Comedian Garners Laughs and Money for a Good Cause
Local stand-up comic with Crohn's disease uses his talents to help others
Matt Nagin, a comedian who performed at the Gotham Comedy Foundation fundraiser last week, like most stand-up comedians, can't help cracking several jokes during regular conversation. But unlike most comedians, Nagin uses laughter as his own personal medicine.
Nagin, 36, a Chelsea resident, is part of the Gotham Comedy Foundation. Last week, Gotham Comedy Foundation held a fundraising night, where all proceeds went to support the charity.
The foundation's creator, Bill Drewes, who is in remission from cancer, always believed in laughter therapy. He and his team of comics, including Nagin, spread laughter to places like schools, hospitals and broadcast performances to people like war veterans and Holocaust survivors. But Nagin can especially relate to Drewes' theory of smiling away the pain. Ever since he started doing stand-up seven years ago, he noticed himself having a more positive attitude, and his chronic pain become less and less acute.
"To me, using laughter to deal with pain boosts your mood and increases your general well-being," said Nagin. "But I'm not going to say laughter cures any illness. If you have diabetes don't stop taking your insulin and just watch Judd Apatow films, but maybe if you do both you're better off."
Nagin may have joked about not knowing who Crohn is, but the illness itself is no laughing matter. Crohn's Disease is an autoimmune disorder, where the body's white blood cells attack the intestines as if they were a foreign agent. Nagin called it an invisible disease. He was diagnosed with the disease 23 years ago when doctors thought he had appendicitis. Nagin has struggled with pain, multiple surgeries and frequent bathroom trips throughout his life, but right now he is in remission, and is the healthiest he has ever felt.

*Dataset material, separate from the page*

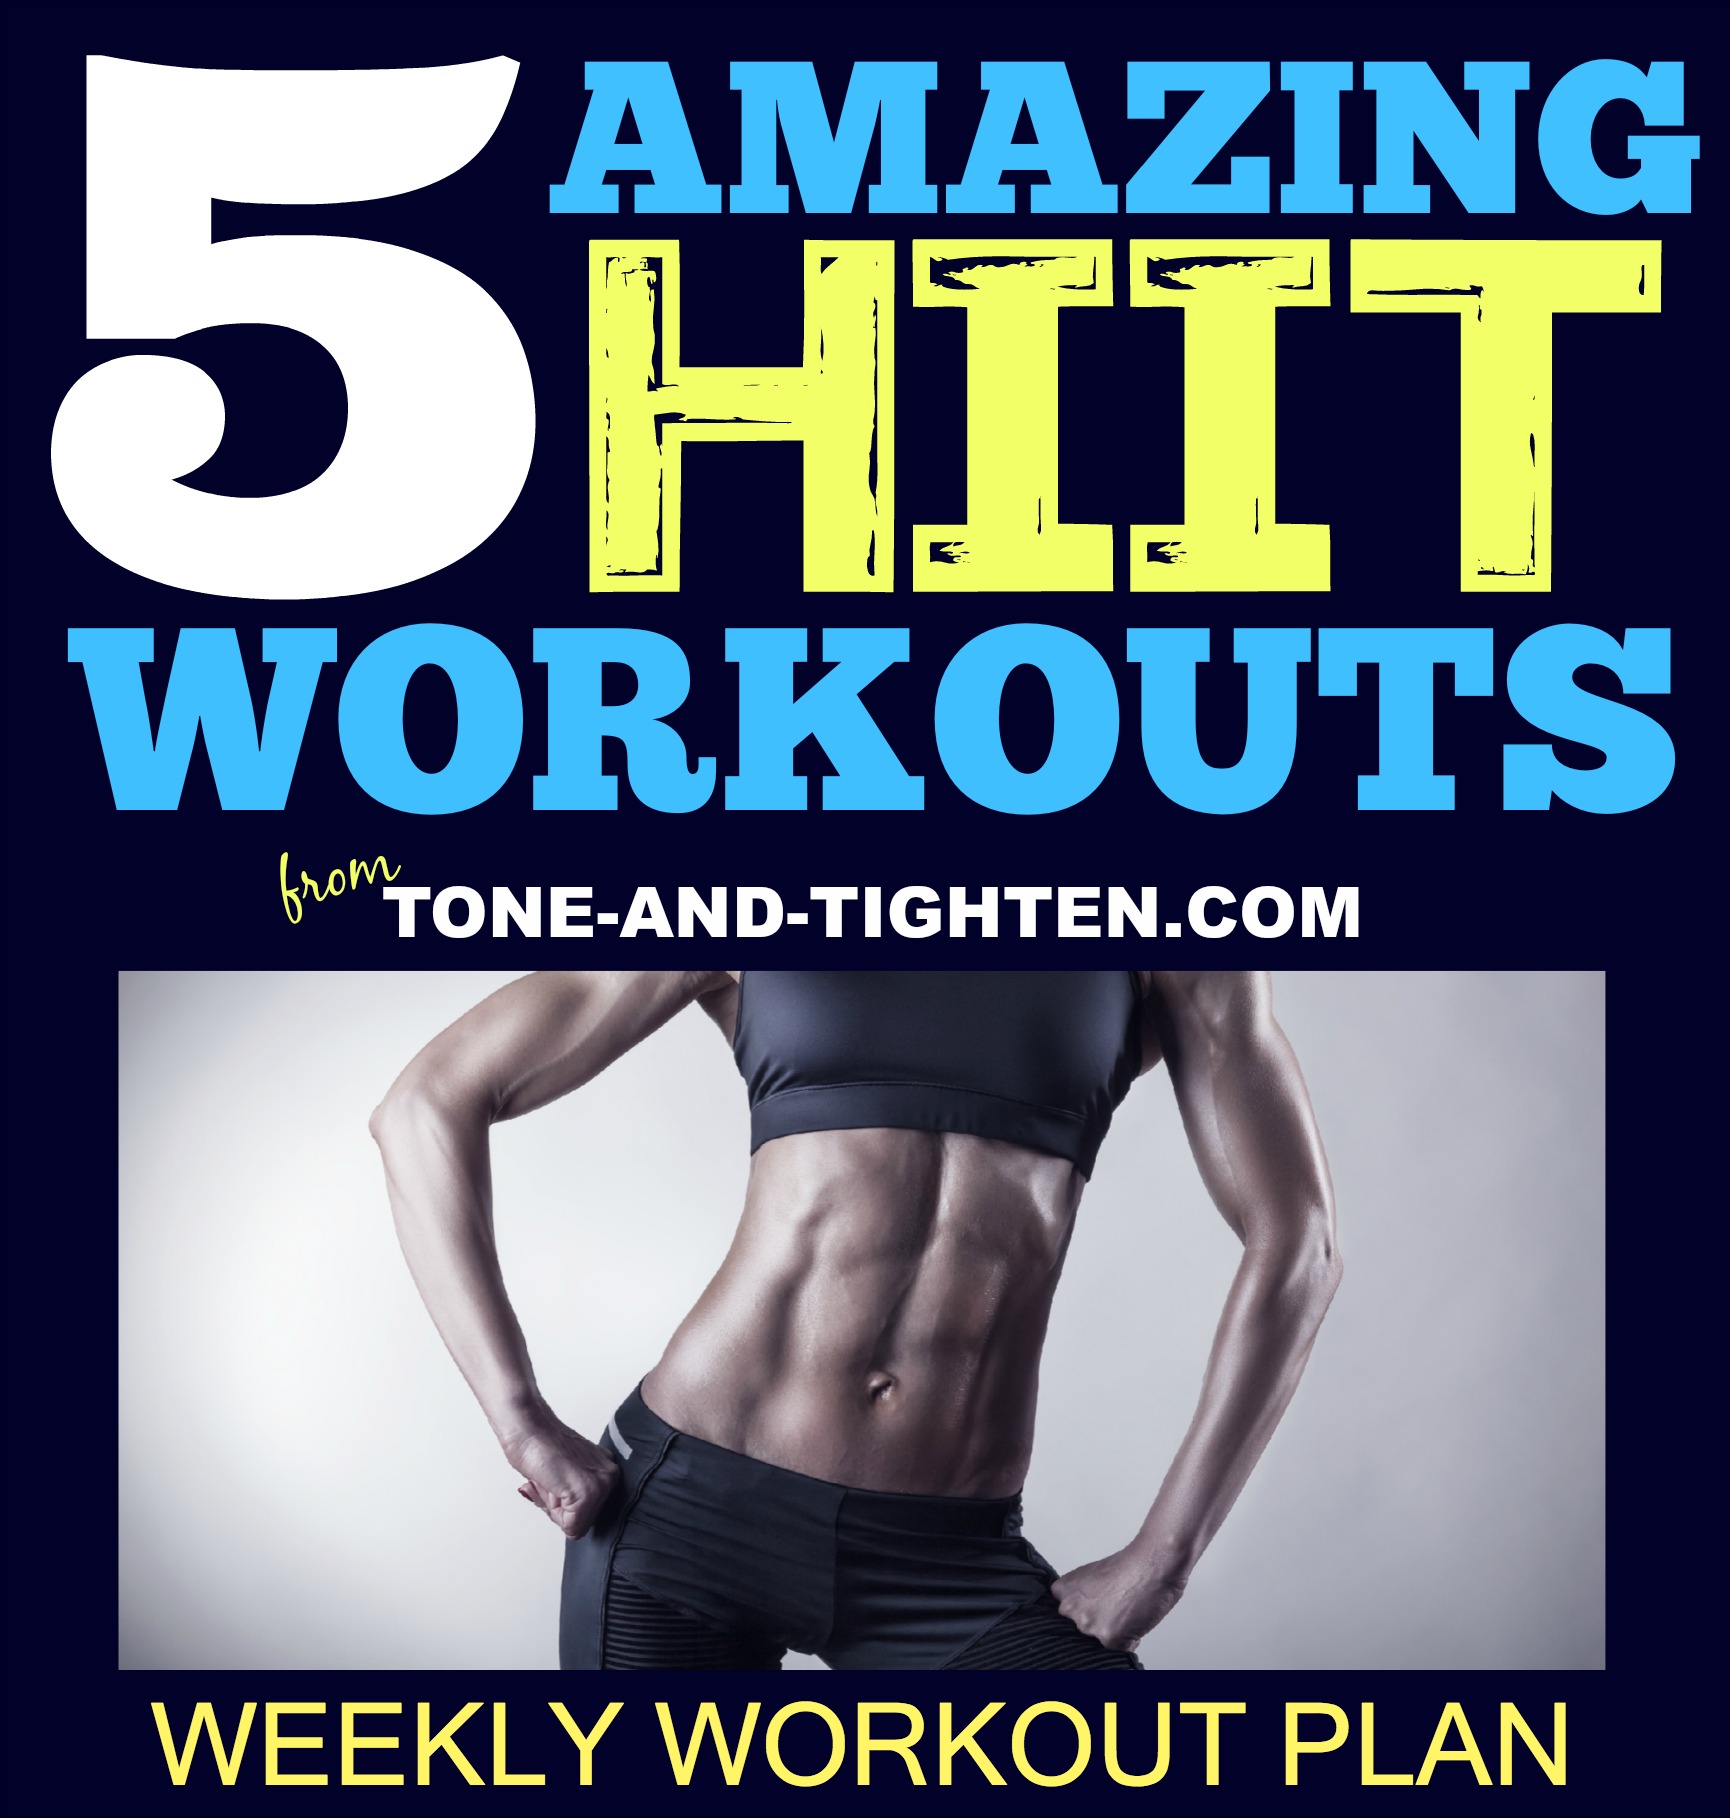 5 Interval Workouts to Tone and Tighten

But having Crohn's Disease does not exactly give Nagin a wealth of material for his stand-up acts. In fact, besides a performance he did for a Crohn's fundraiser several years ago, he rarely makes jokes about the disease.

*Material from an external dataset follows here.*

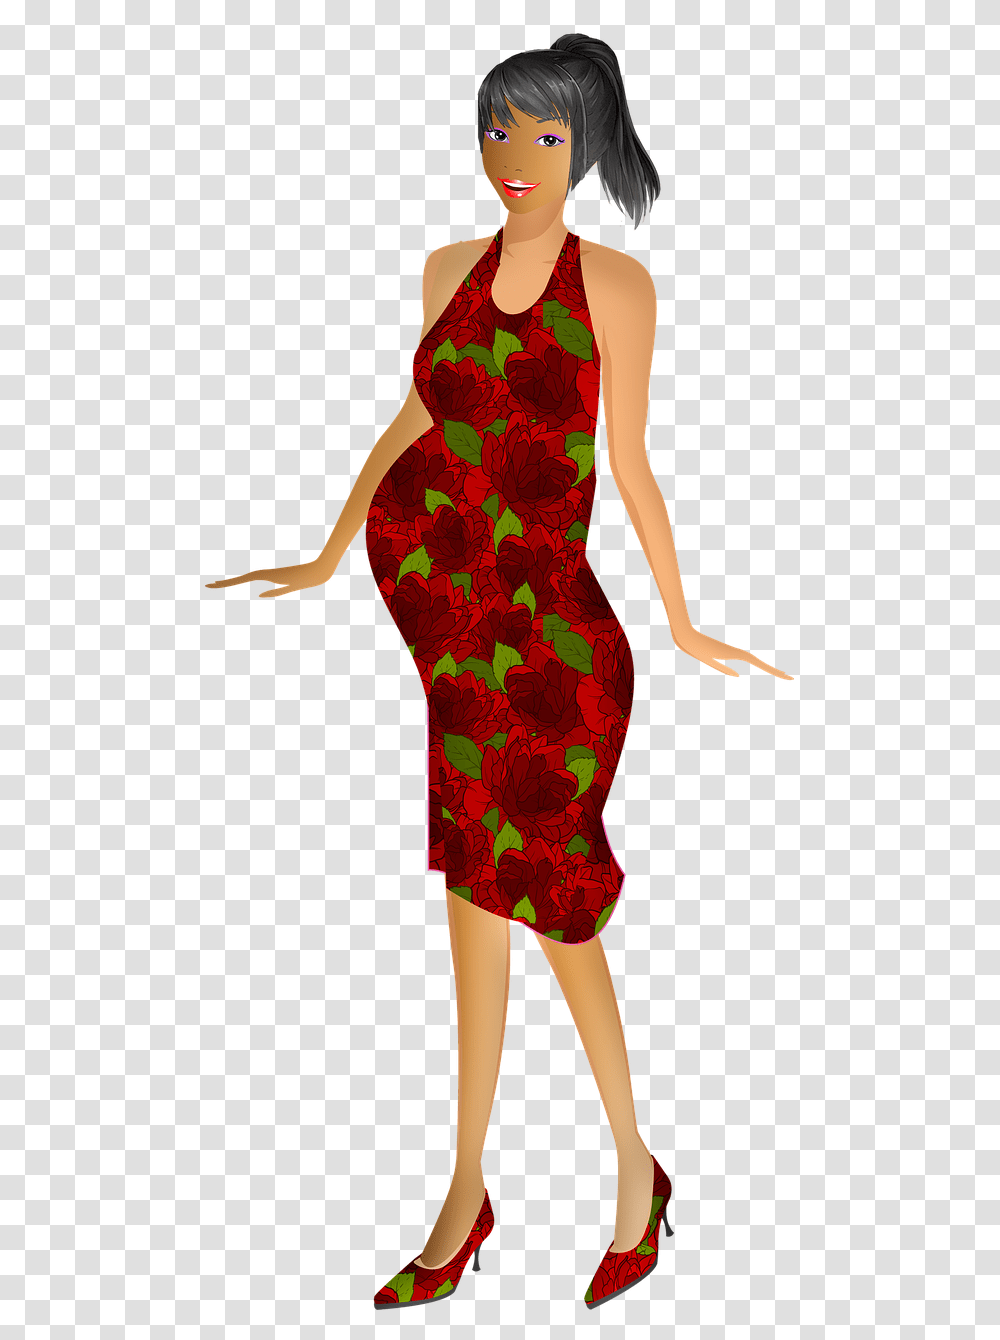 Pregnant Woman Young Pregnancy Free Photo Cocktail Dress, Leisure Activities, Dance Pose, Female Transparent Png

"When there's food out no one wants to hear about your intestines," he said. "Keep it in the bathroom."
Instead, Nagin prefers to rant about relationships and make one-liners like one of his comedic influences, George Carlin. His first one-man show, "Wooly Mammoth Panic Attack" ran for the month of July at the 59th Street Theater, and sold out for a few of the nights. But Nagin doesn't let his successful first show get to his head.
"I had to swallow a pill once with a camera in it, so doctors could get a look at my insides," he said. "That's the most media attention I've ever received, the paparazzi camera going right through me."